▸ WHAT YOU WILL DO: Going line by line through the records below, write out everything starting with the line containing "Un travailleur de" and going on through the line containing "Églises au dôme", exactly and inclusively. Pictures do not go in.

+++ GIVEN INFORMATION +++

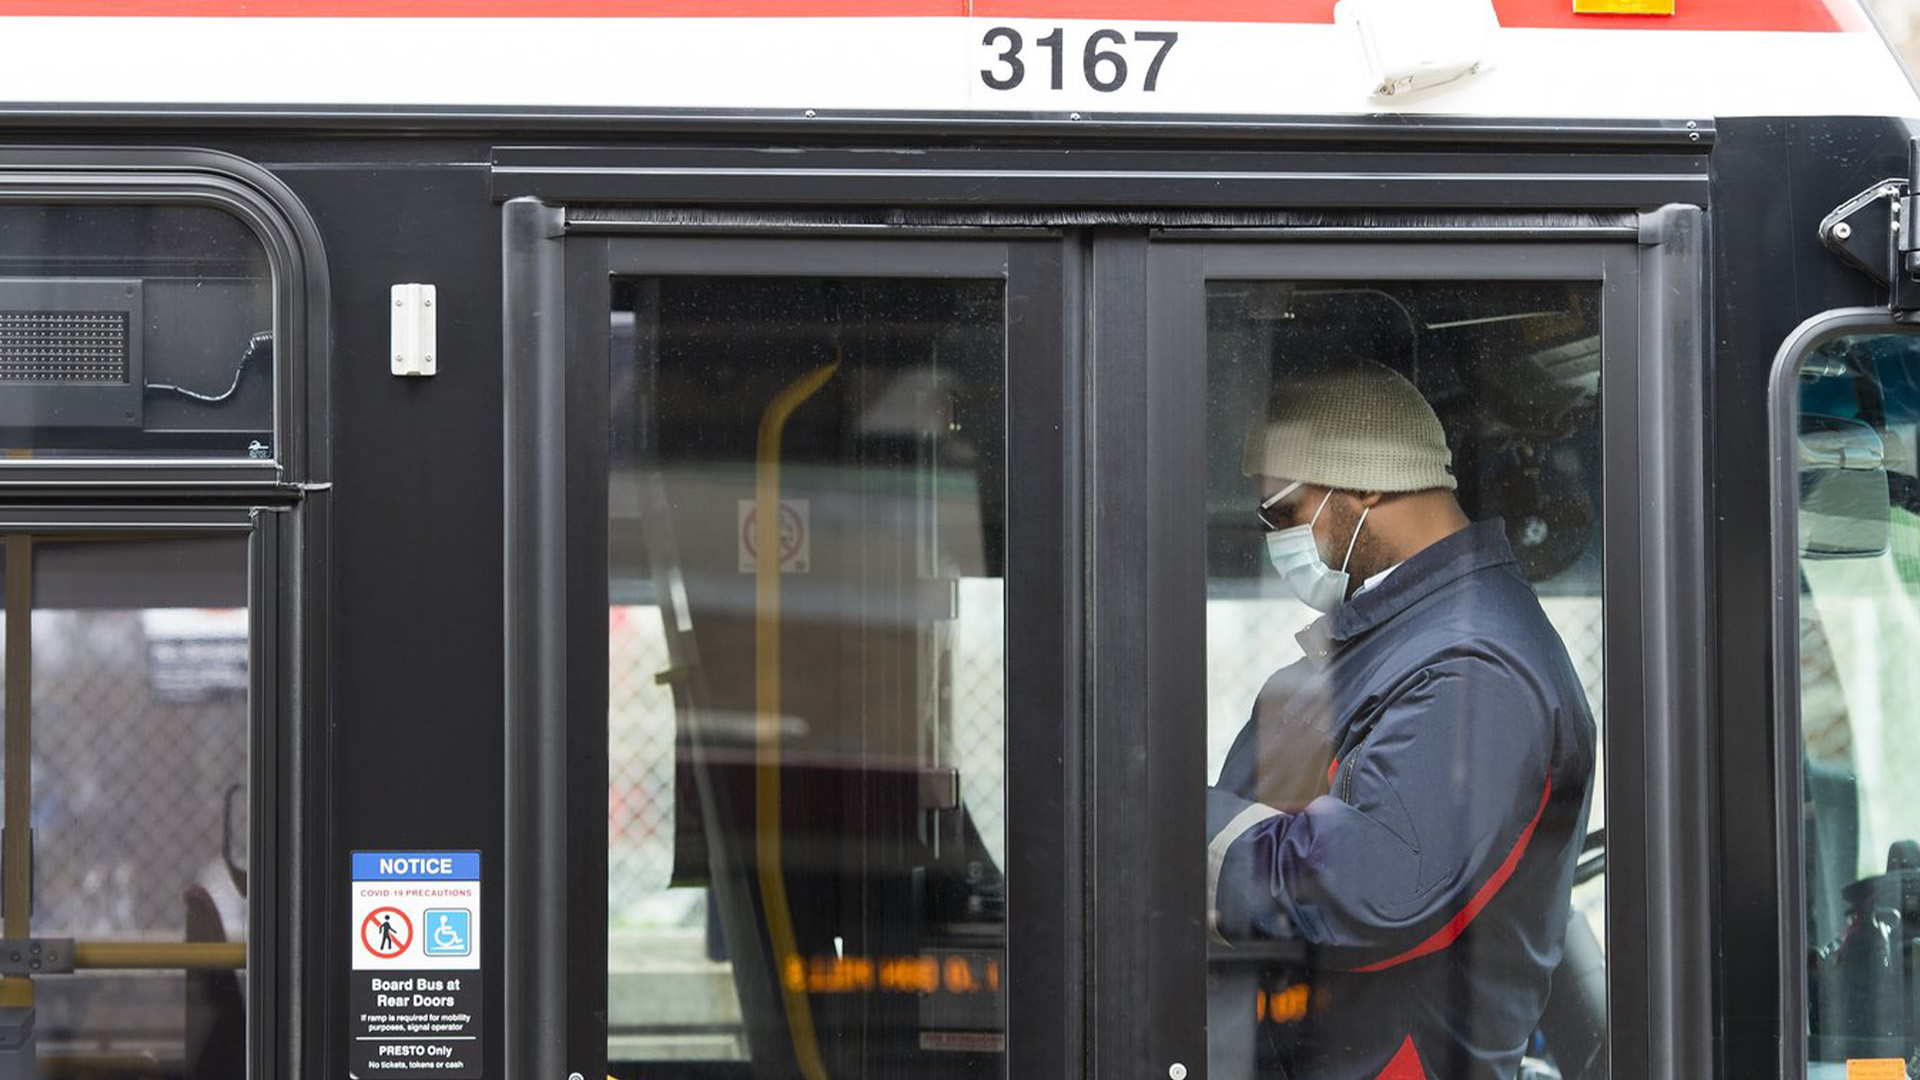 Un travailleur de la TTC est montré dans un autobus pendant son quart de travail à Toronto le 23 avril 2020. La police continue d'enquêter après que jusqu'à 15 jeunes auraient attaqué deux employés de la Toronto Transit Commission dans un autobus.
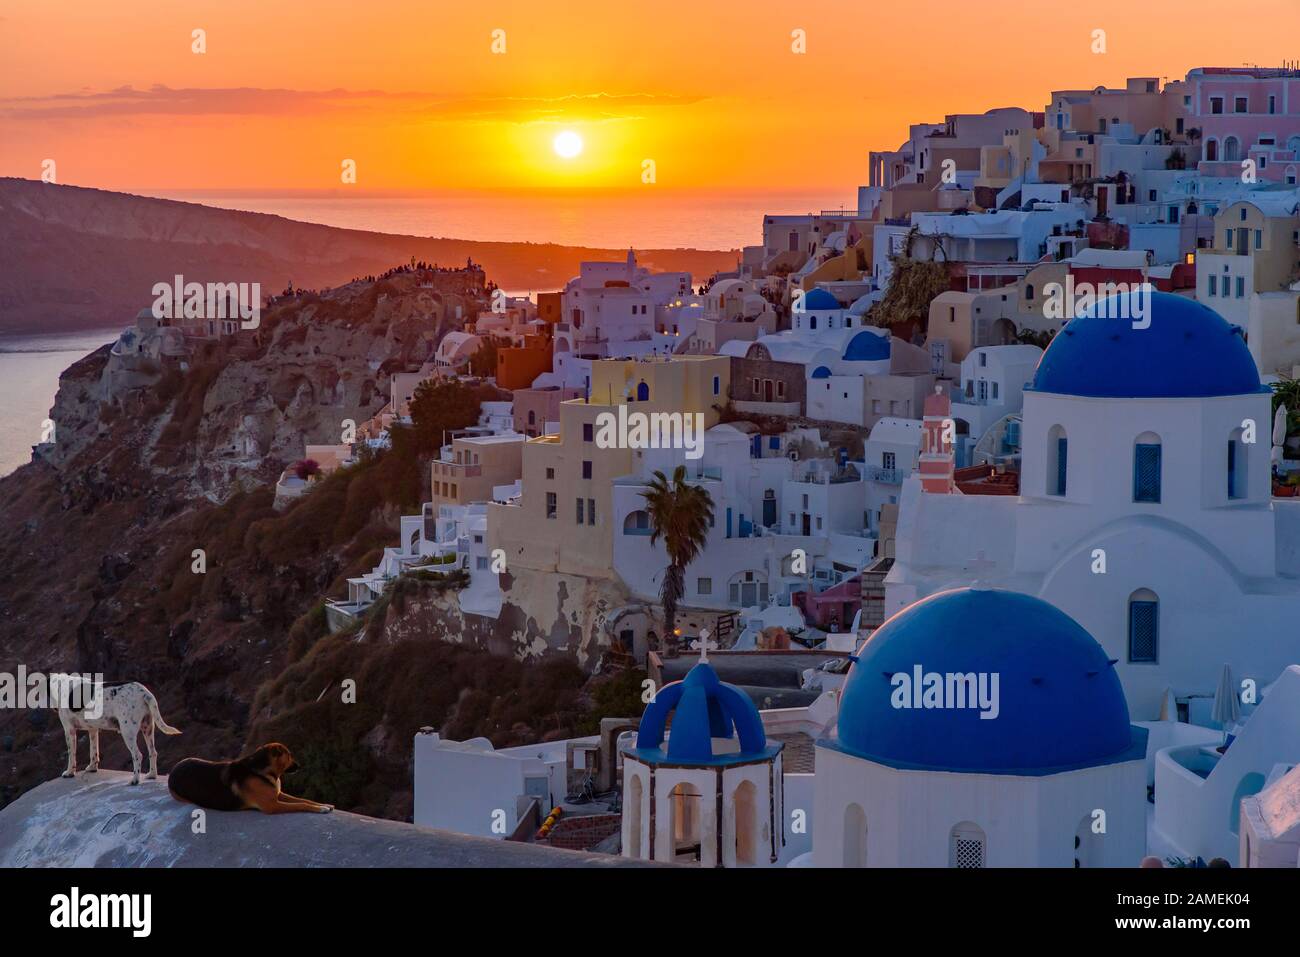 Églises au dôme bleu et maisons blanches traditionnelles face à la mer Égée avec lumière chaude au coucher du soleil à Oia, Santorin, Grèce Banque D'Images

+++
+++ GIVEN INFORMATION +++

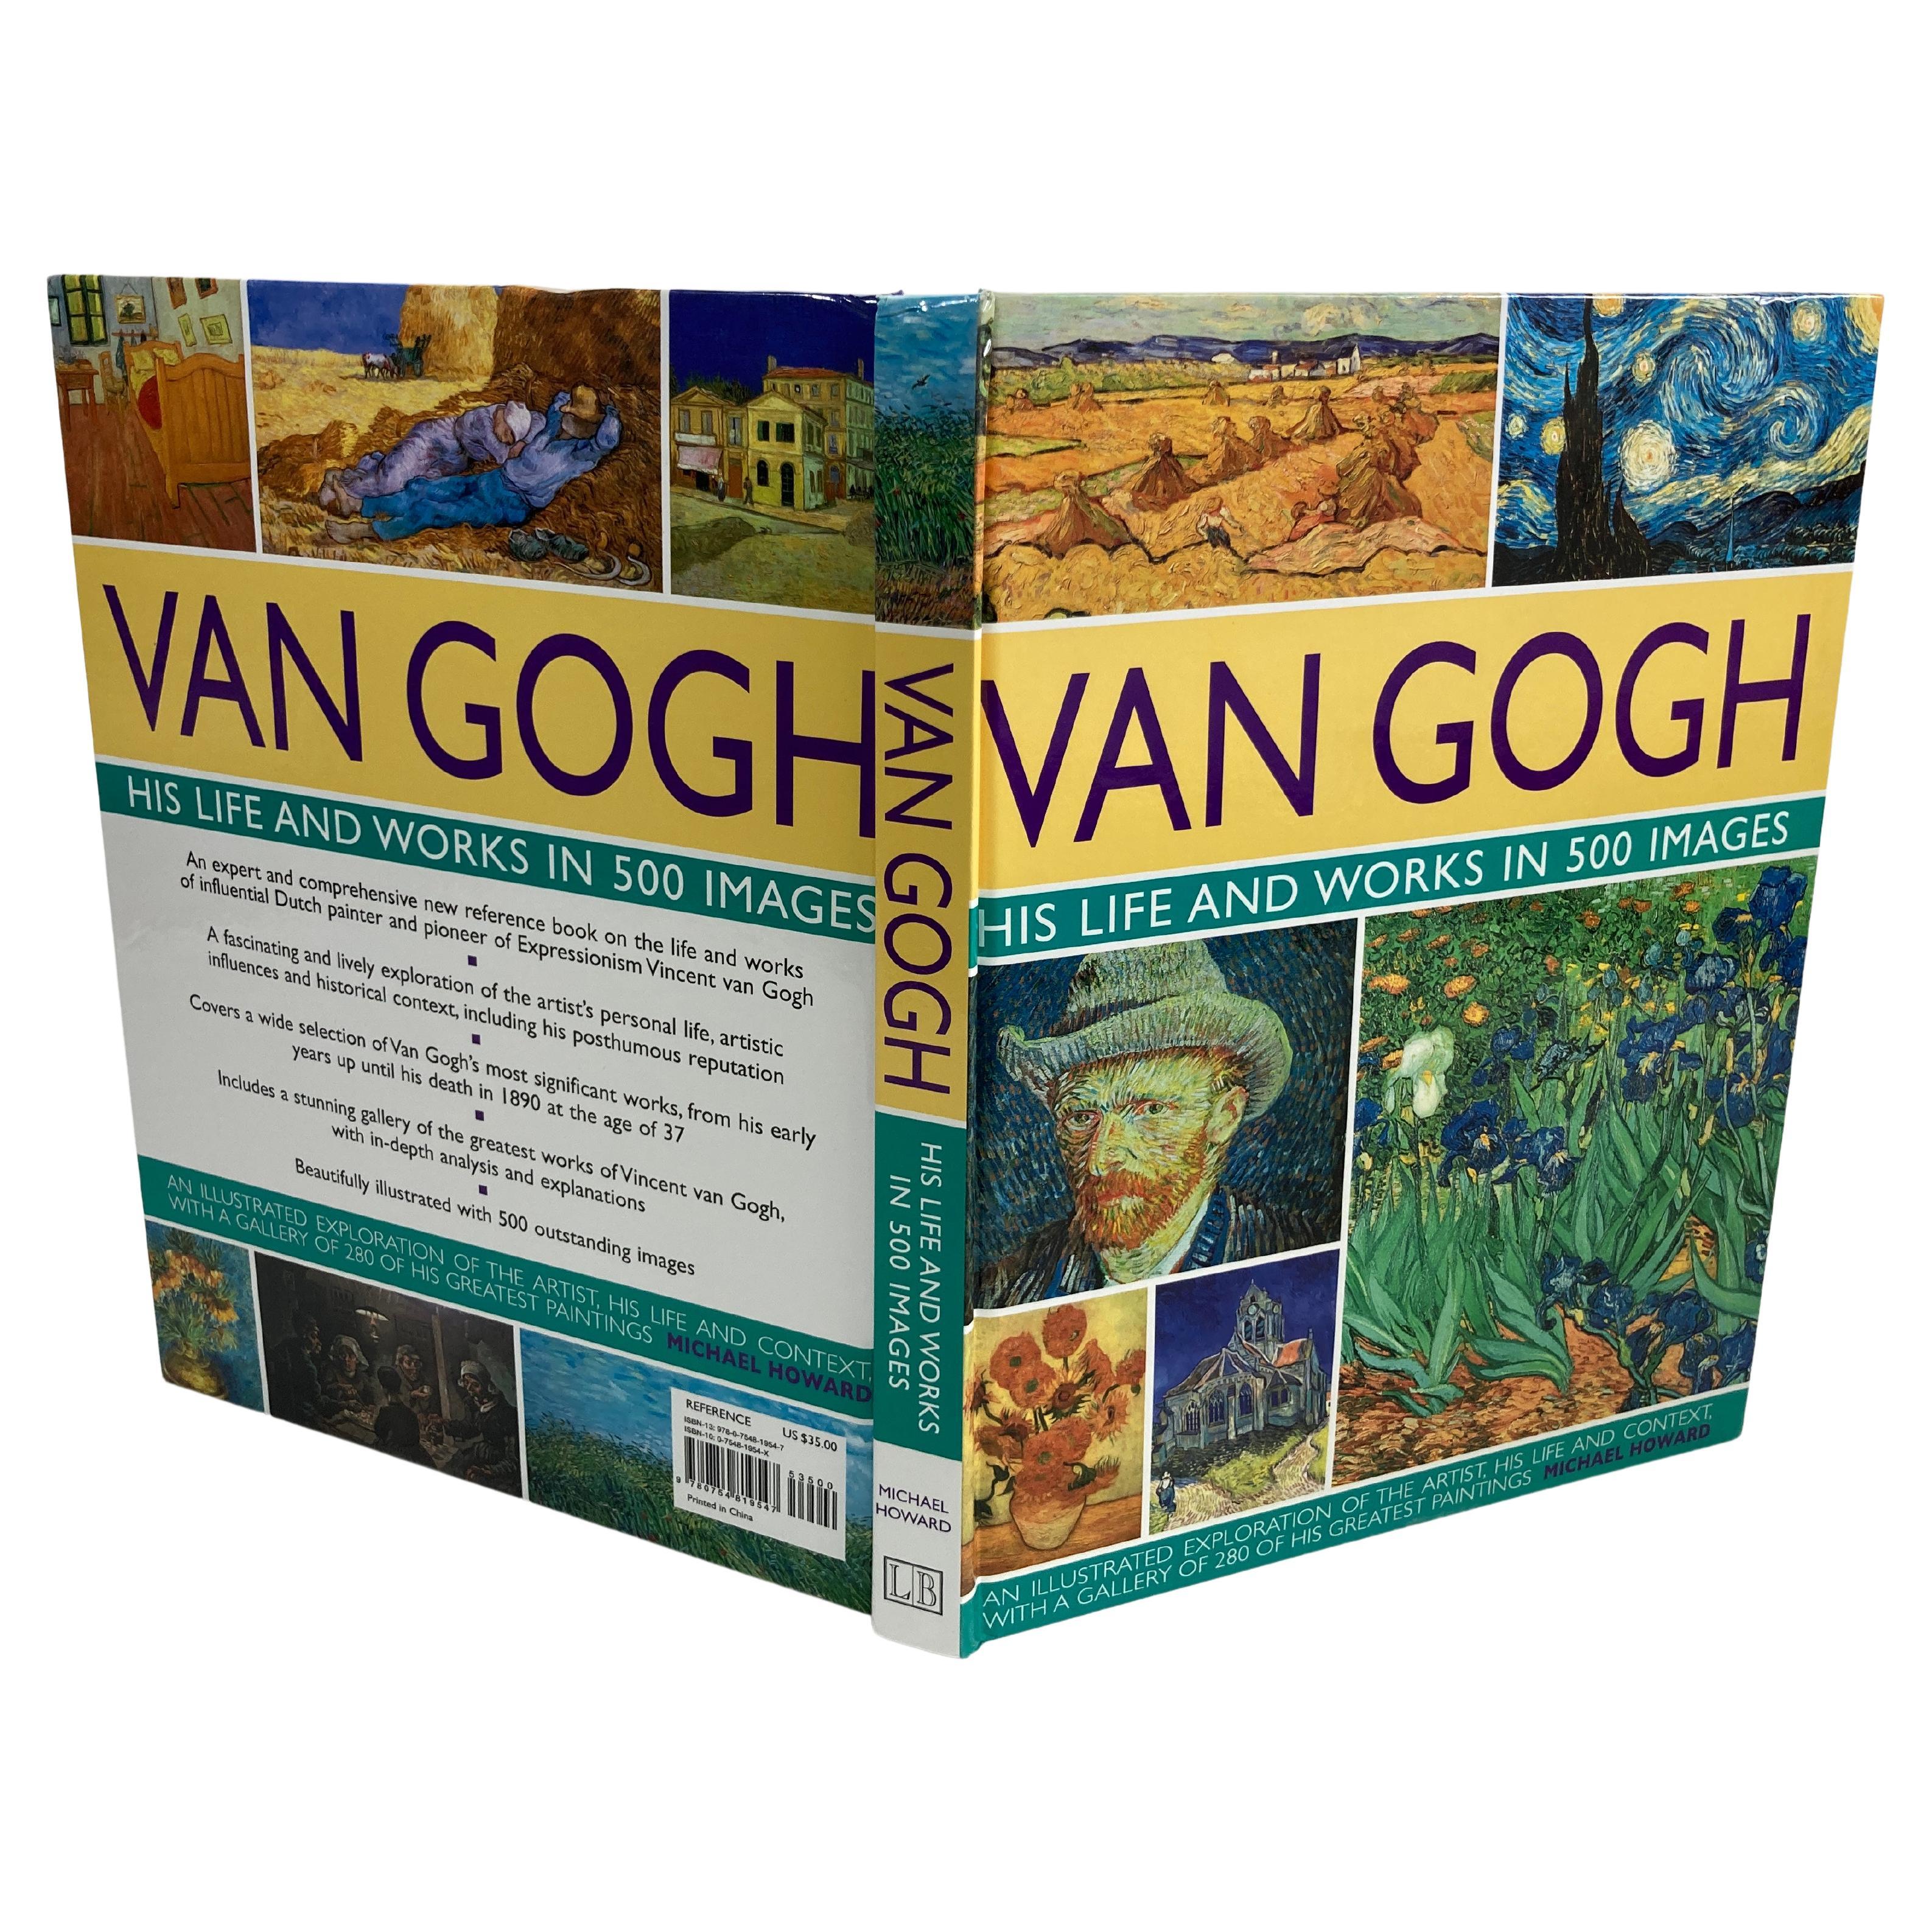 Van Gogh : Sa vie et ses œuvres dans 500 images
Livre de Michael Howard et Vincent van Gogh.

+++

▸ SOLUTION TO THIS TASK:
 Un travailleur de la TTC est montré dans un autobus pendant son quart de travail à Toronto le 23 avril 2020. La police continue d'enquêter après que jusqu'à 15 jeunes auraient attaqué deux employés de la Toronto Transit Commission dans un autobus.
 Églises au dôme bleu et maisons blanches traditionnelles face à la mer Égée avec lumière chaude au coucher du soleil à Oia, Santorin, Grèce Banque D'Images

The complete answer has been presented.